Multiple Russian Military Offices Set Ablaze In Possible Sabotage


According to a report from The Moscow Times, at least five enlistment offices for the Russian military have been set on fire since Russian President Vladimir Putin began his war against Ukraine. In one of the latest such incidents, “Molotov cocktails destroyed several computers and a database of conscripts in the Zubova Polyana settlement,” the outlet explains. Enlistment offices have also been hit with Molotov cocktails in the Voronezh, Sverdlovsk, and Ivanovo regions, and The Moscow Times adds: “Young men subsequently detained in Sverdlovsk and Ivanovo said they sought to disrupt the recruitment campaign in protest of Russia’s war in Ukraine.” The fifth area to see an enlistment office targeted was the Moscow-area town Lukhovitsy, where the arsonist later said he hoped to destroy archives.

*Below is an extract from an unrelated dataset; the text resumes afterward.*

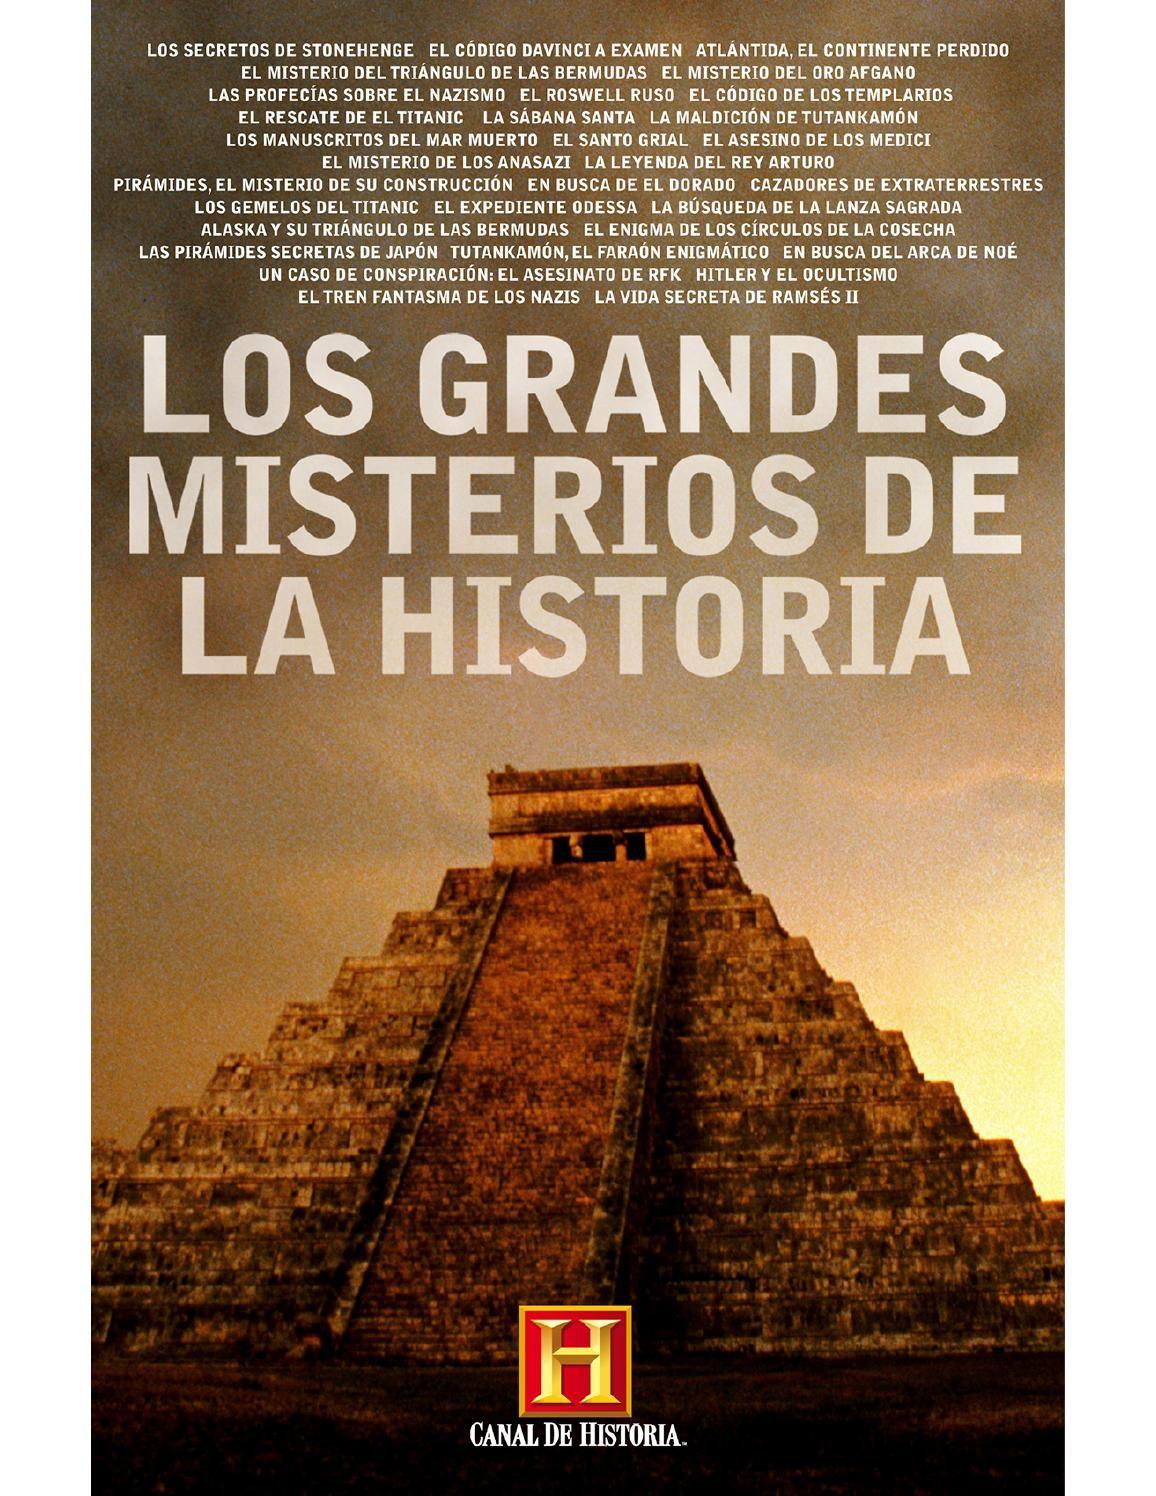 Los Grandes Misterios De La Historia Historia Enigmas Y Misterios History Channel

Those who have engaged in these formidable forms of protest face criminal charges including property damage and terrorism. Across Russia, there have been protests against Putin’s actions in Ukraine since the currently unfolding conflict began — thousands upon thousands of arrests targeting anti-war demonstrators have been recorded, and Russian authorities have enacted harsh, new penalties, including the possibility of years-long jail sentences, for spreading supposedly false information related to Russian military action. Russia has reportedly lost thousands upon thousands of individual troops amid fighting in Ukraine since Putin’s war started, and the families these troops left behind are, of course, spread across Russia. Ret. Lt. Col. Alexander Vindman suggested that outrage in Russia over the deaths of these troops could help lead to Putin’s downfall. Overall, Ukraine claims to have killed over 21,000 Russian soldiers. For now, Putin’s regime refuses to acknowledge the true scope of its losses (other sources back up the notion of thousands dead).

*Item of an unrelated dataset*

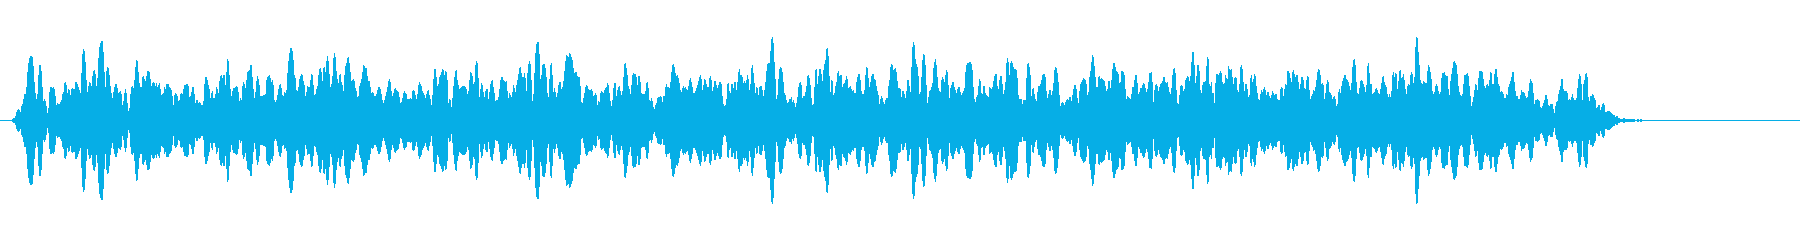 日本の救急車のサイレン(遠距離)の再生済みの波形
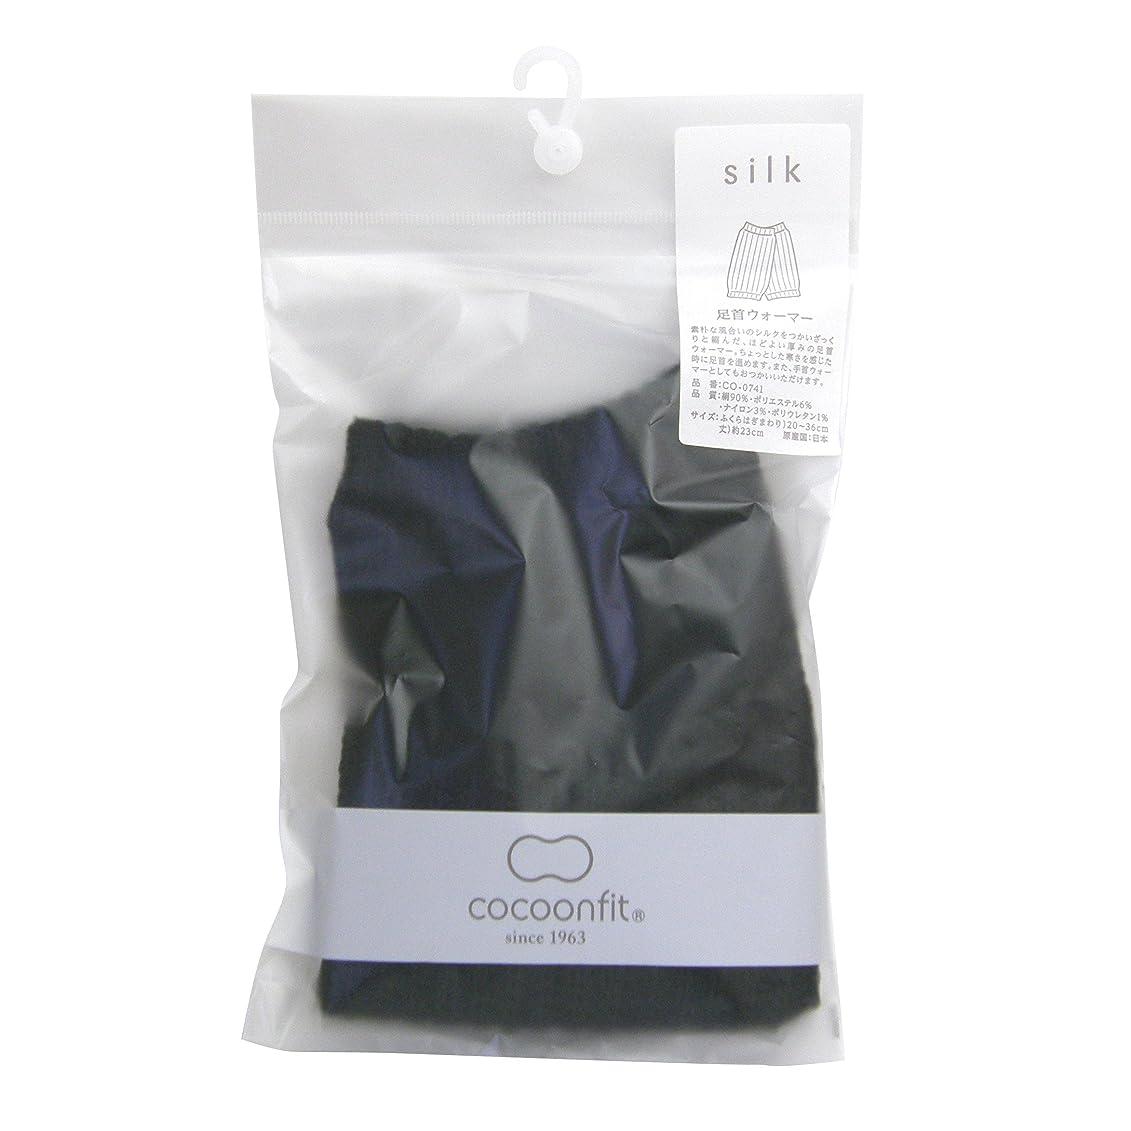 あらゆる種類の気候メーカーコクーンフィット シルク 足首ウォーマー CO-0741-07 ブラック

Russian leaders have been bolstering their capabilities in Ukraine with the re-introduction of new personnel, although a U.S. official recently shared an assessment that Russia had lost 25 percent of its previously established combat power in Ukraine, a figure that incorporated troops who left the country (and could potentially come back). Now, Vadym Skibitsky, who serves as representative of the Chief Directorate of Intelligence of the Defense Ministry of Ukraine, says: “All battalion tactical groups that have so far been amassed in Belarus, near our northern borders, are now redeployed to eastern Ukraine. Moreover, the enemy now tries to identify the vulnerabilities of the Armed Forces of Ukraine in order to launch a large-scale offensive and reinforce its success, primarily in the Donetsk operational area.”

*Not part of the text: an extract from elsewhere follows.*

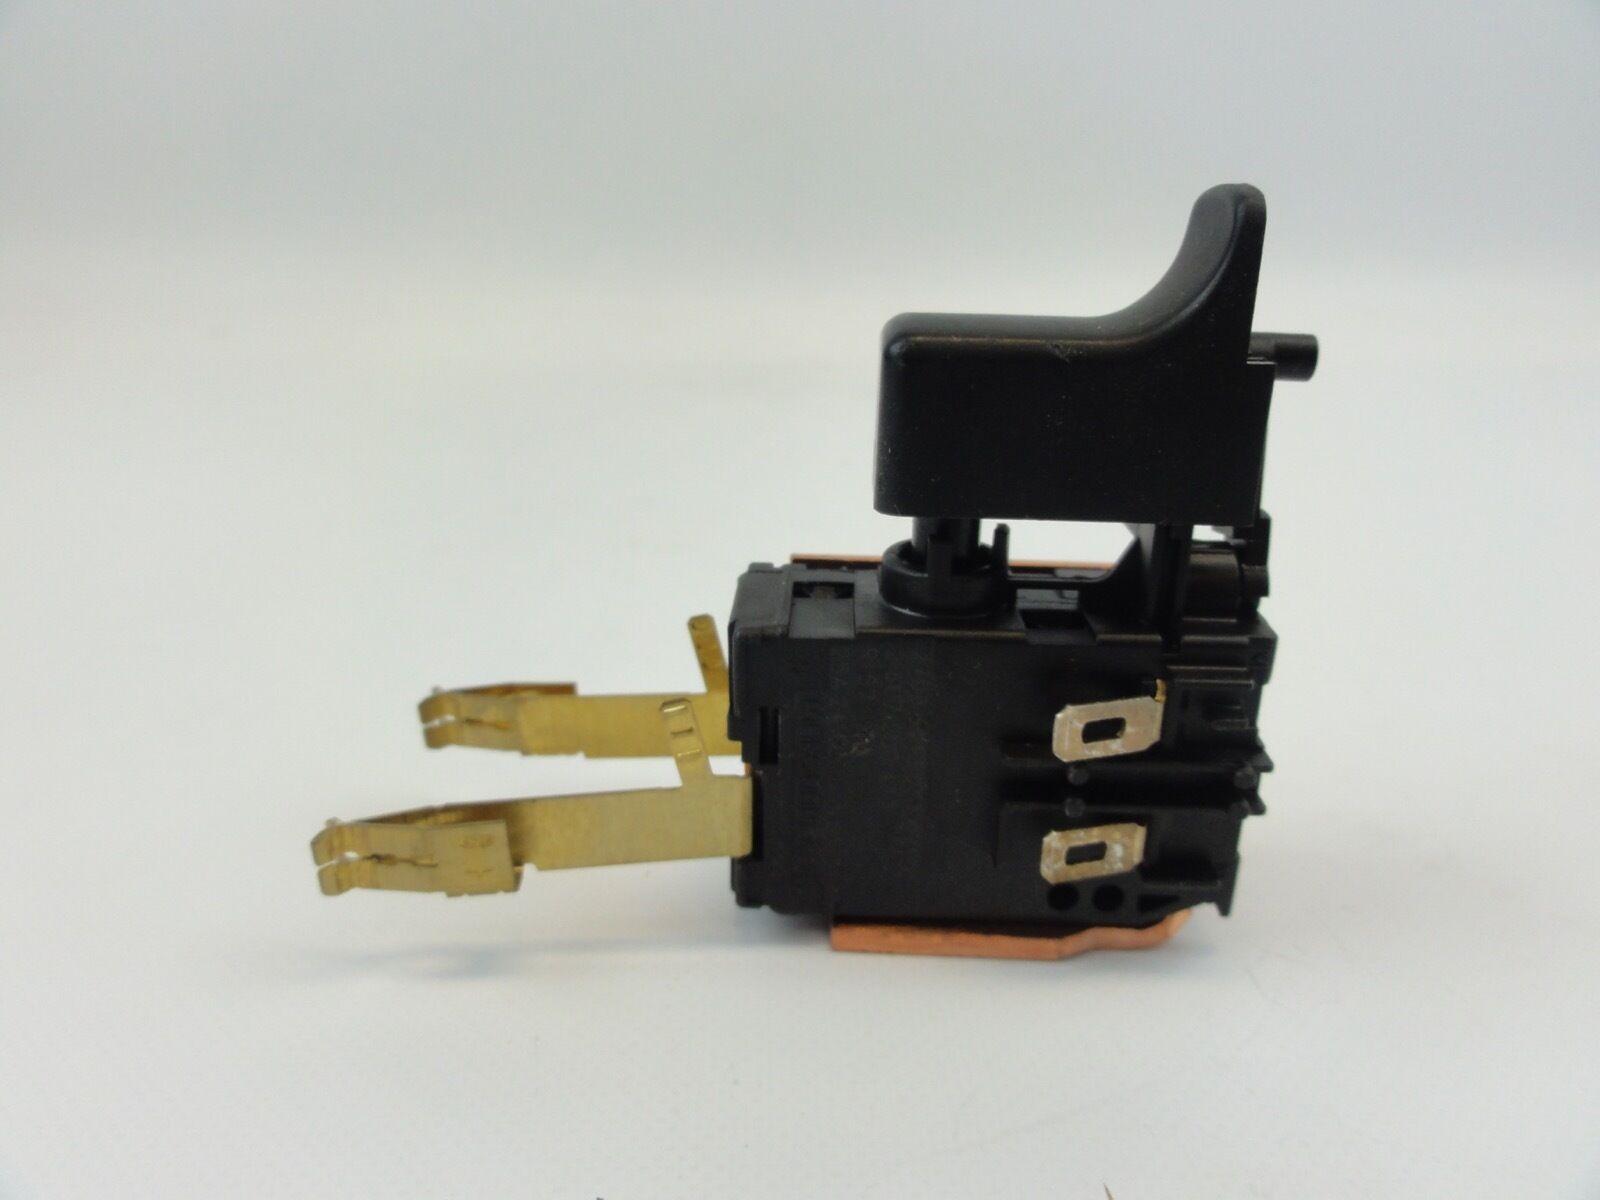 Bosch  2607200413 Neu Original Oem Schalter für 52324 52318 3960 3860 3870 3850

As for further specifics, although Putin recently made a public show of ordering a change in tactics around the Ukrainian-held Azovstal steel plant in Mariupol, where hundreds including military personnel and civilians are sheltering, that’s not the end of the story. Putin ordered the premises blockaded in place of continued efforts to seize the grounds, but Ukrainian presidential adviser Oleksiy Arestovych said on Saturday that the Russians “resumed air strikes on the territory of the plant, on the defense lines of our troops and are attempting to carry out assault operations.”